#### DATASET SECTION
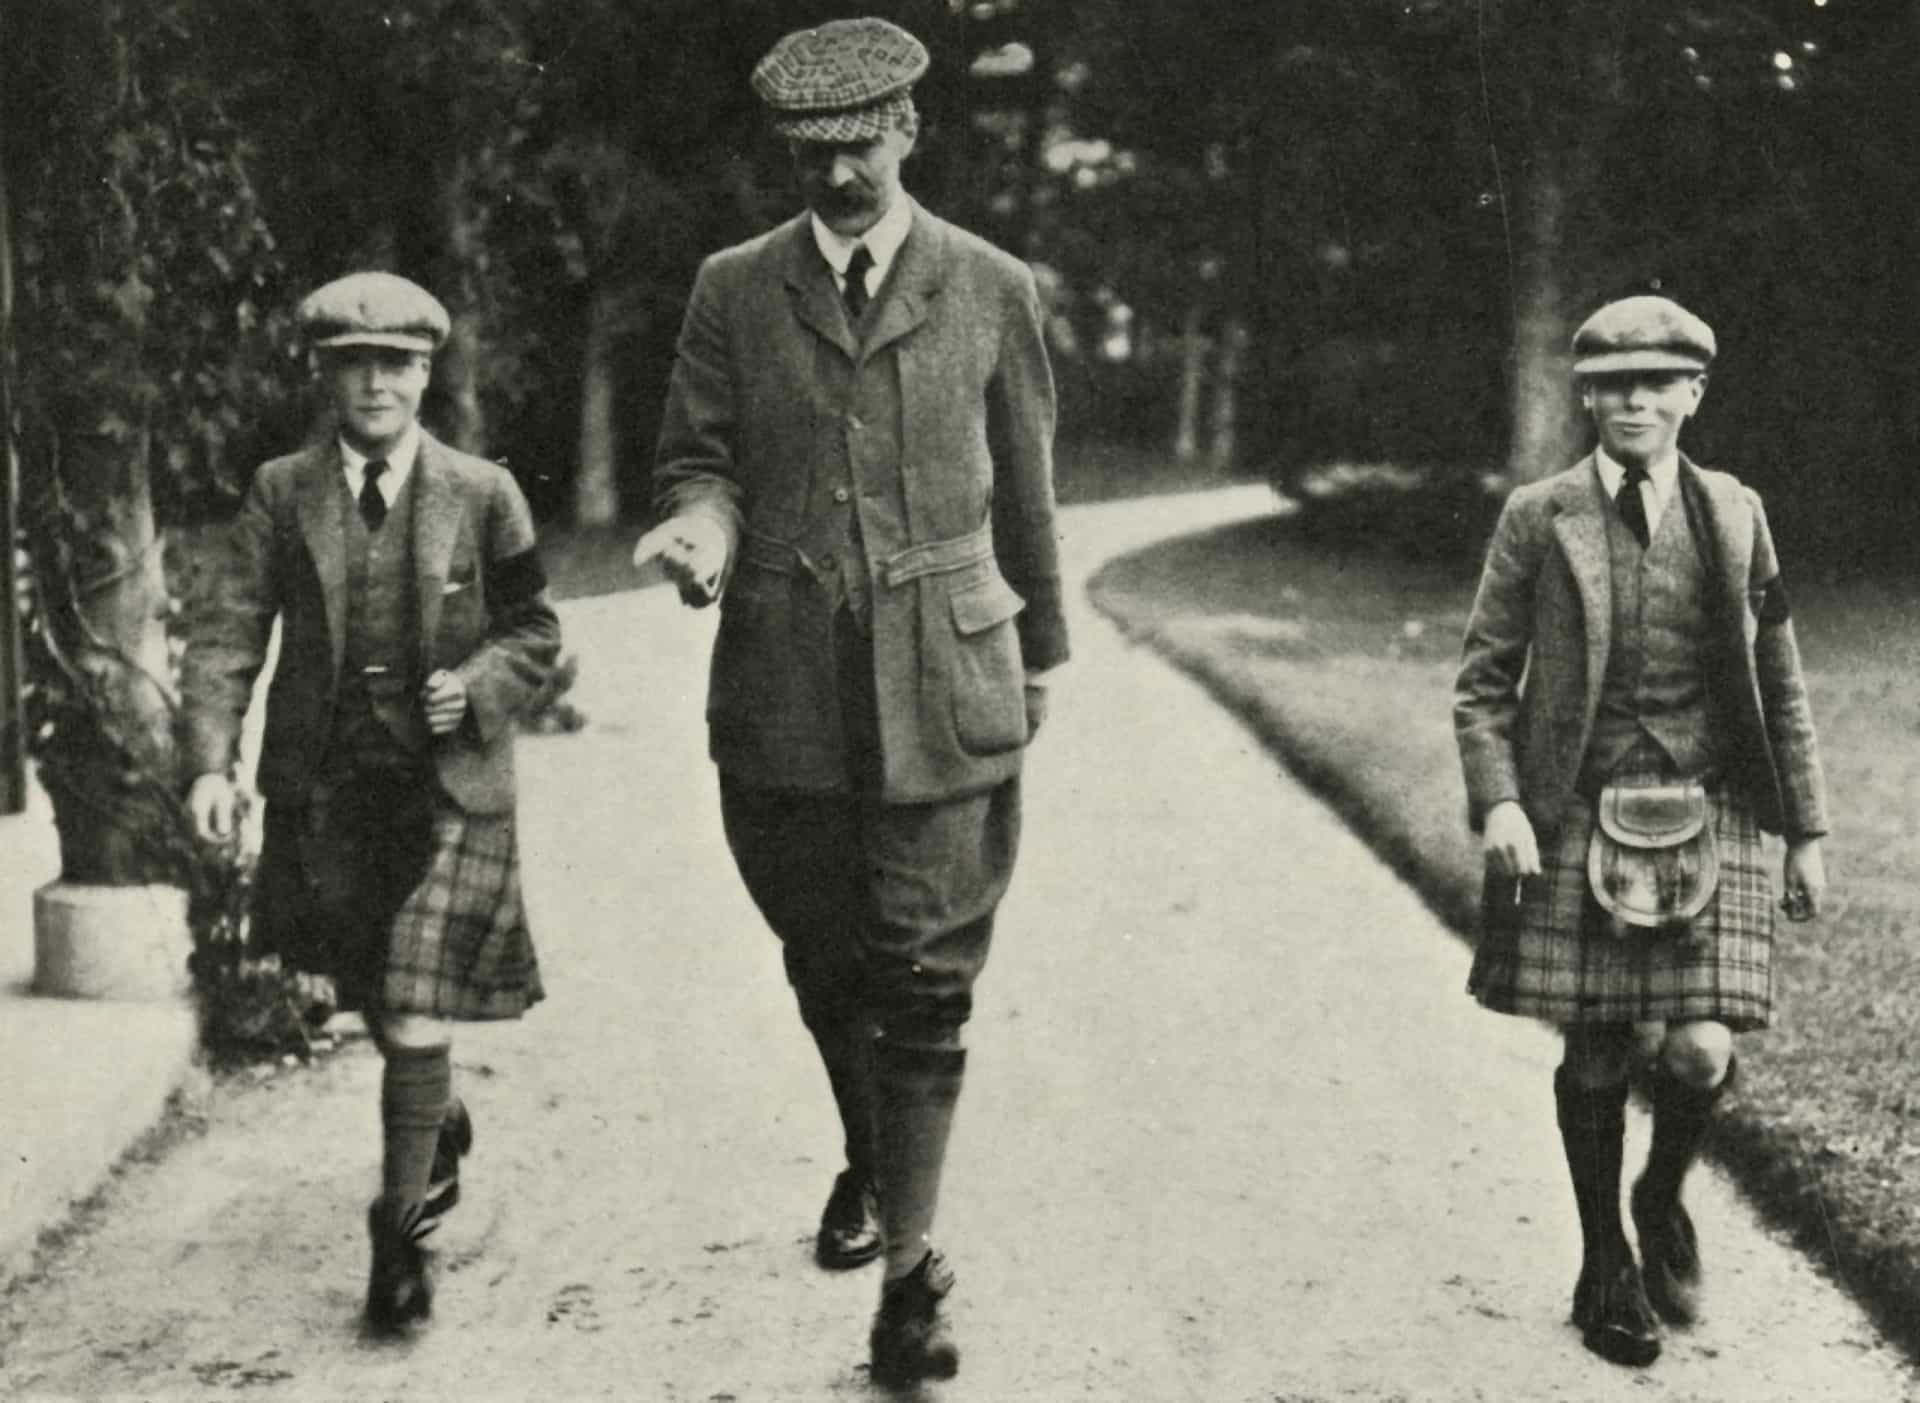 <p>Prince Albert, the future King George VI, and Prince Edward, who as King Edward VIII would <a href="https://www.starsinsider.com/celebrity/259620/the-dark-secrets-of-the-british-royal-family" rel="noopener">abdicate</a> the British throne in 1936, are seen pictured with their tutor at Balmoral, Scotland, in 1911.</p>
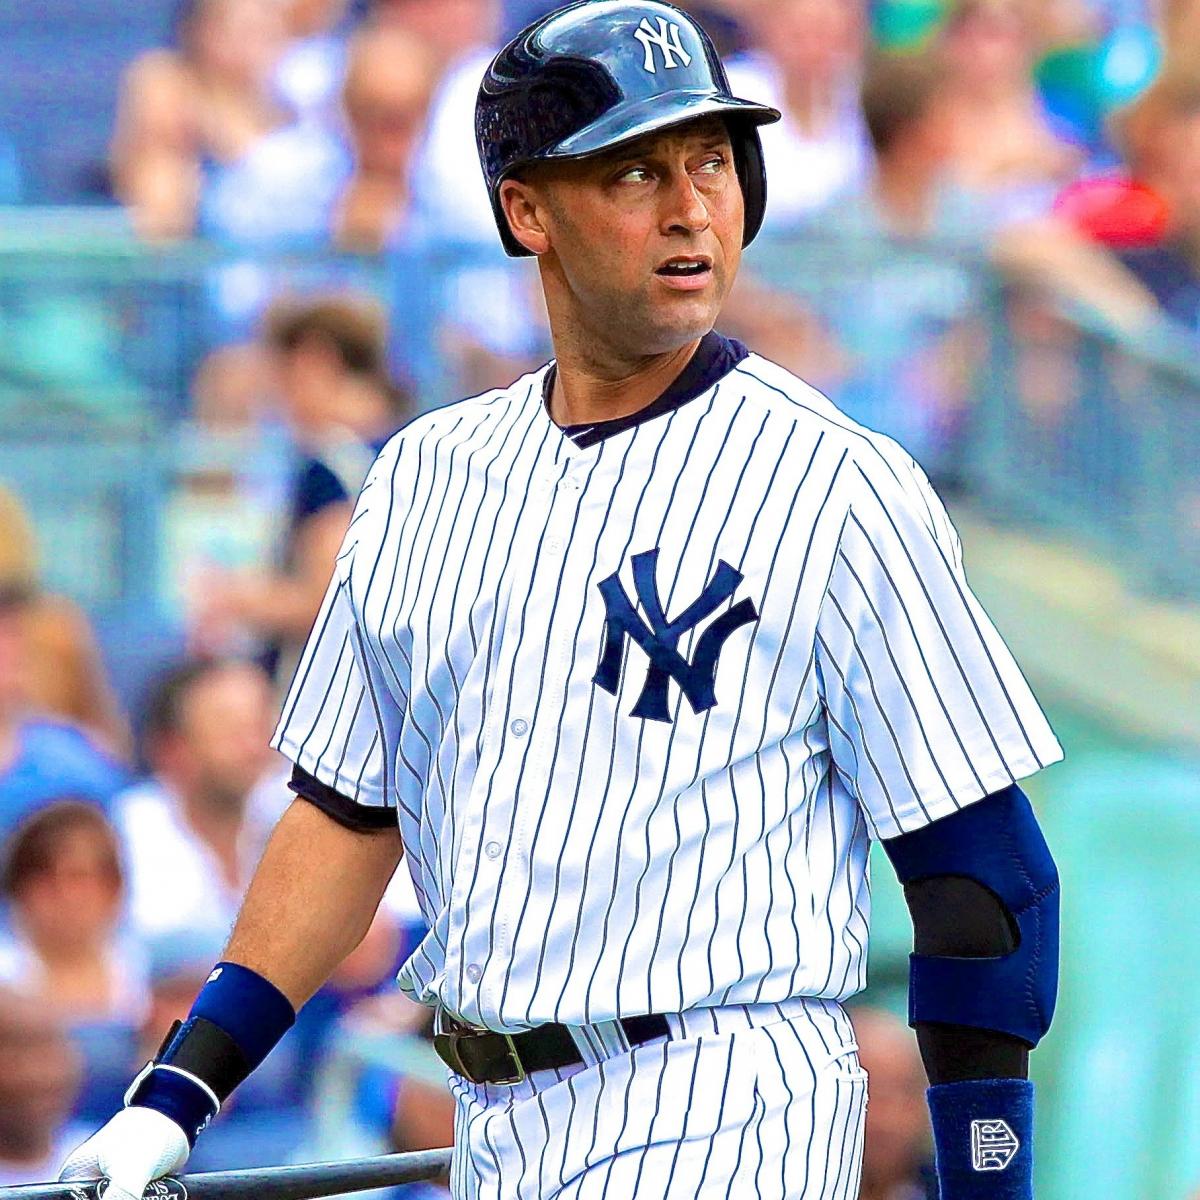 Why Manny Ramirez says Derek Jeter would have been 'just a regular
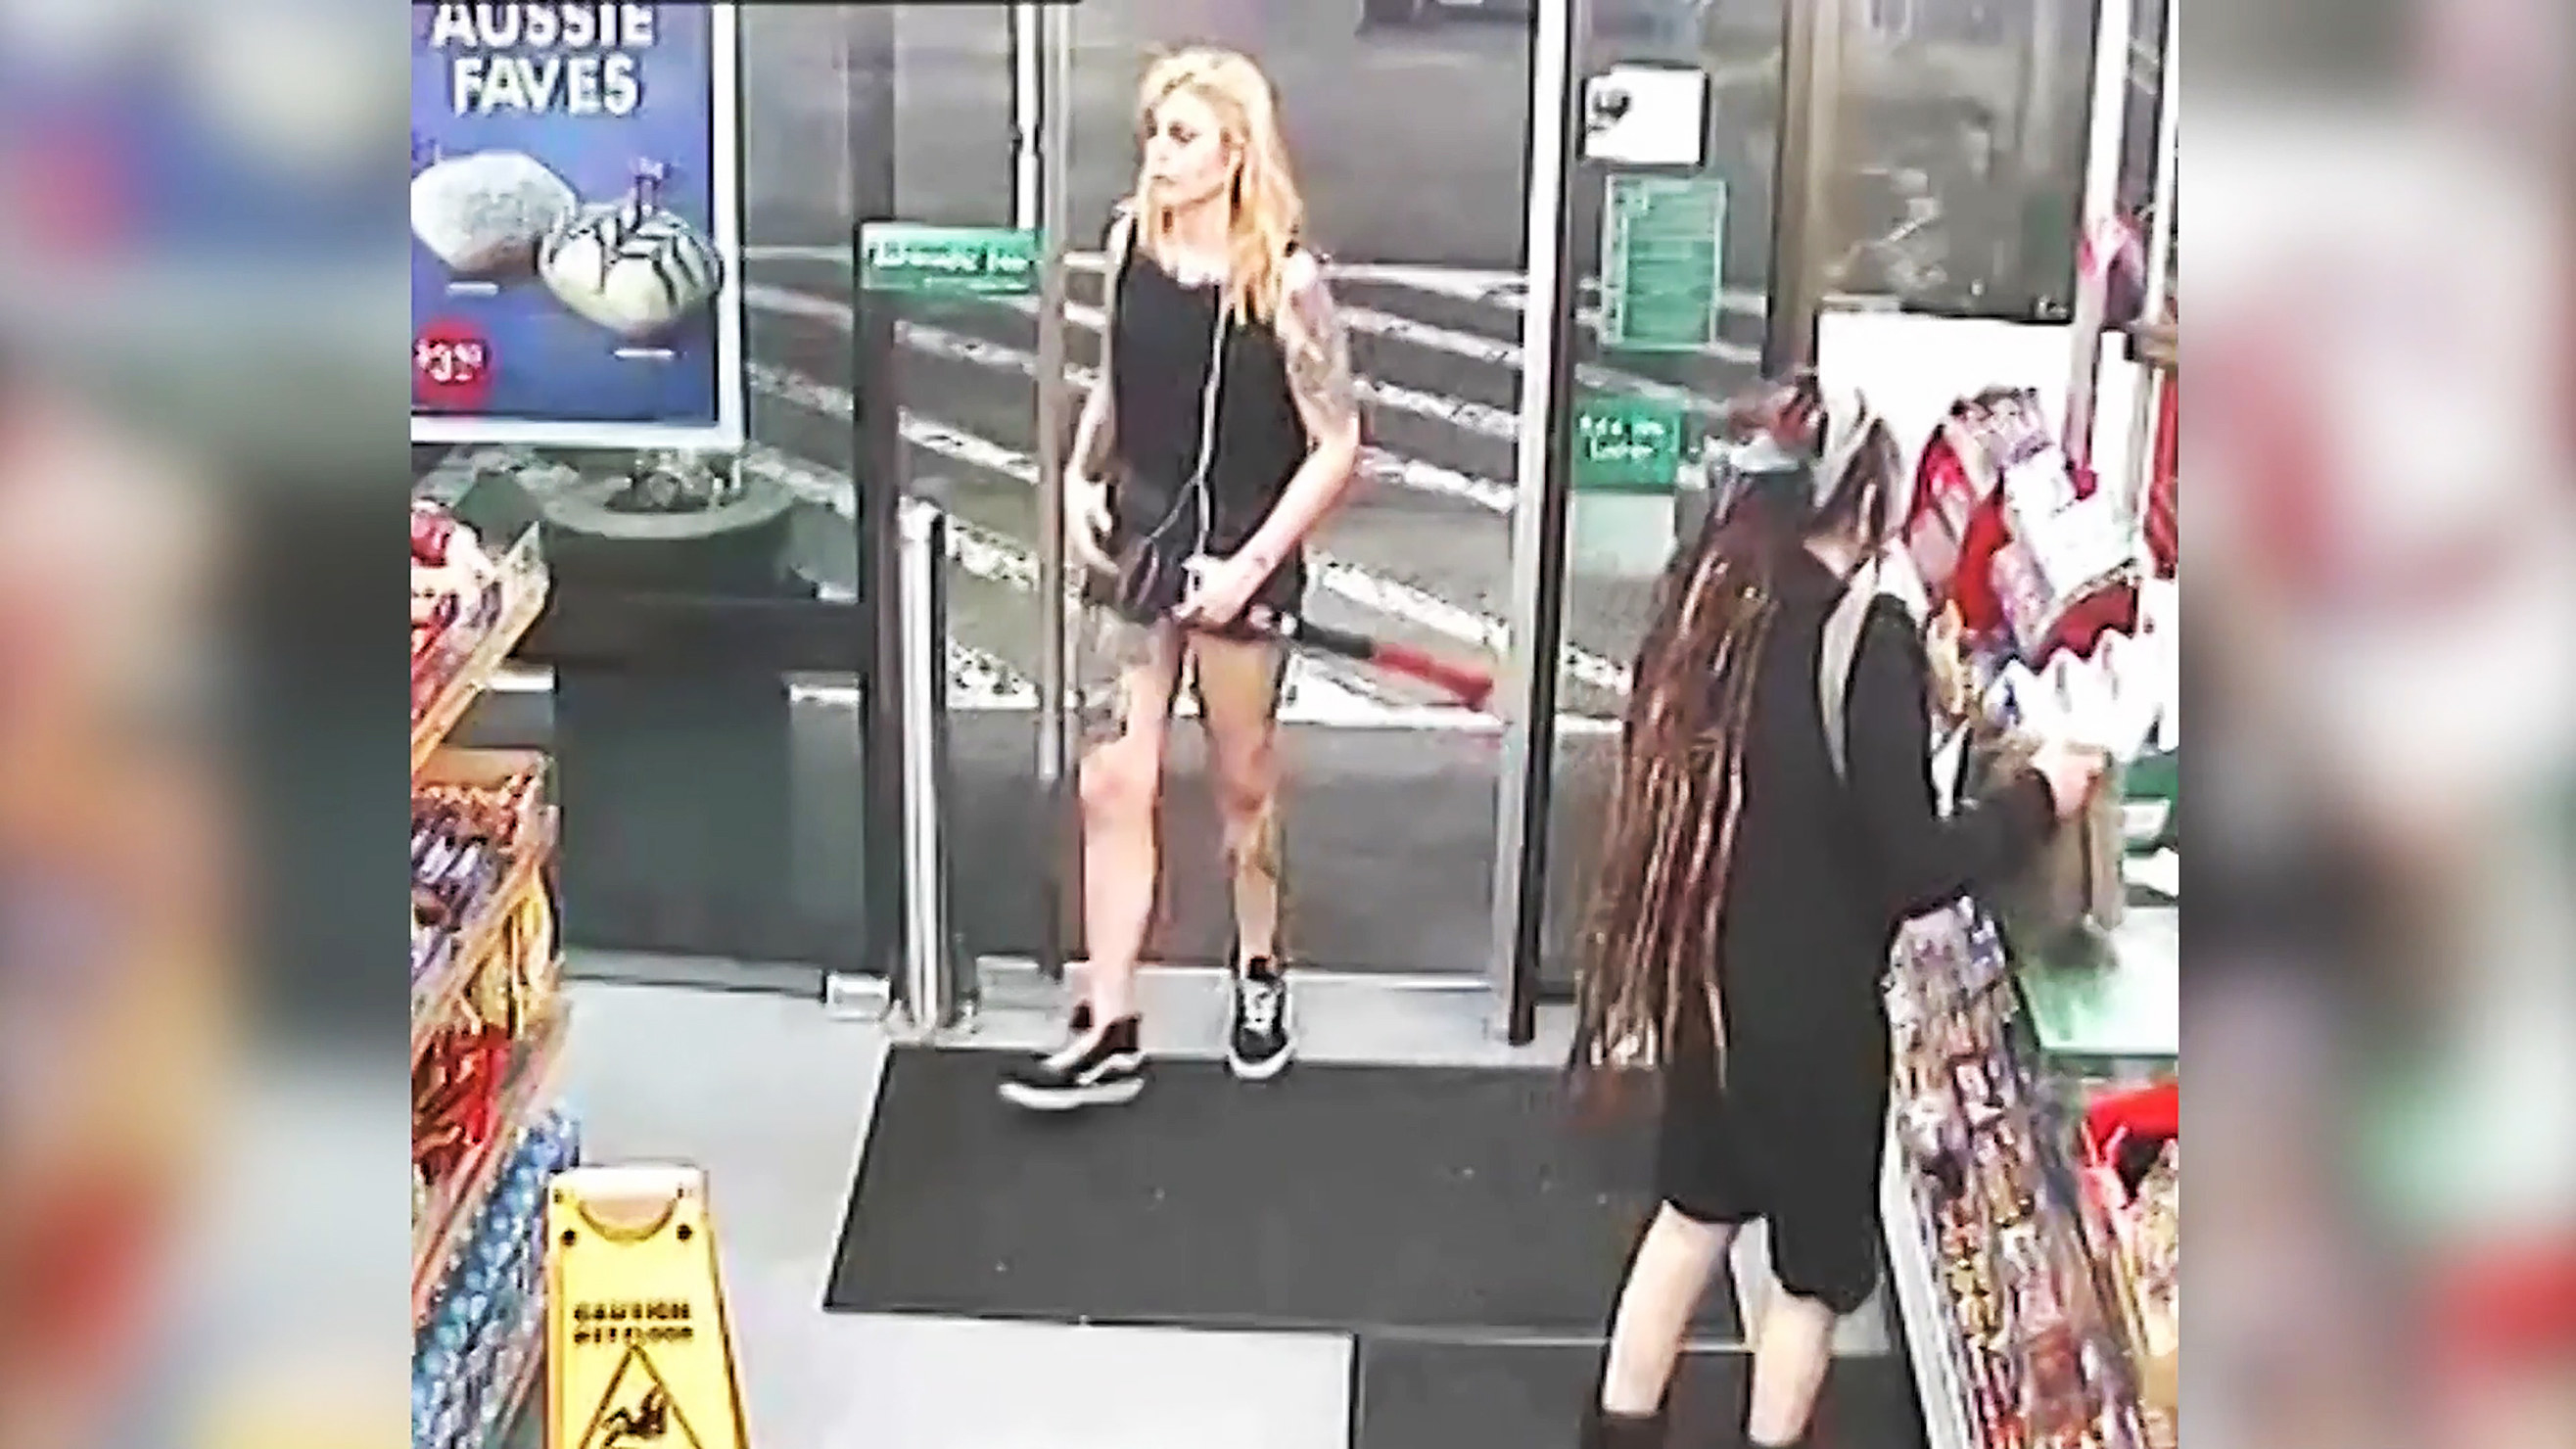 Woman Who Attacked Strangers With An Axe In 7-Eleven Has Jail Sentence Increased
########
* **WHAT IS REQUIRED**
Repeat all the data as it stands, dropping any images it holds.

* **SOLUTION BELOW**
 <p>Prince Albert, the future King George VI, and Prince Edward, who as King Edward VIII would <a href="https://www.starsinsider.com/celebrity/259620/the-dark-secrets-of-the-british-royal-family" rel="noopener">abdicate</a> the British throne in 1936, are seen pictured with their tutor at Balmoral, Scotland, in 1911.</p>
 Why Manny Ramirez says Derek Jeter would have been 'just a regular
 Woman Who Attacked Strangers With An Axe In 7-Eleven Has Jail Sentence Increased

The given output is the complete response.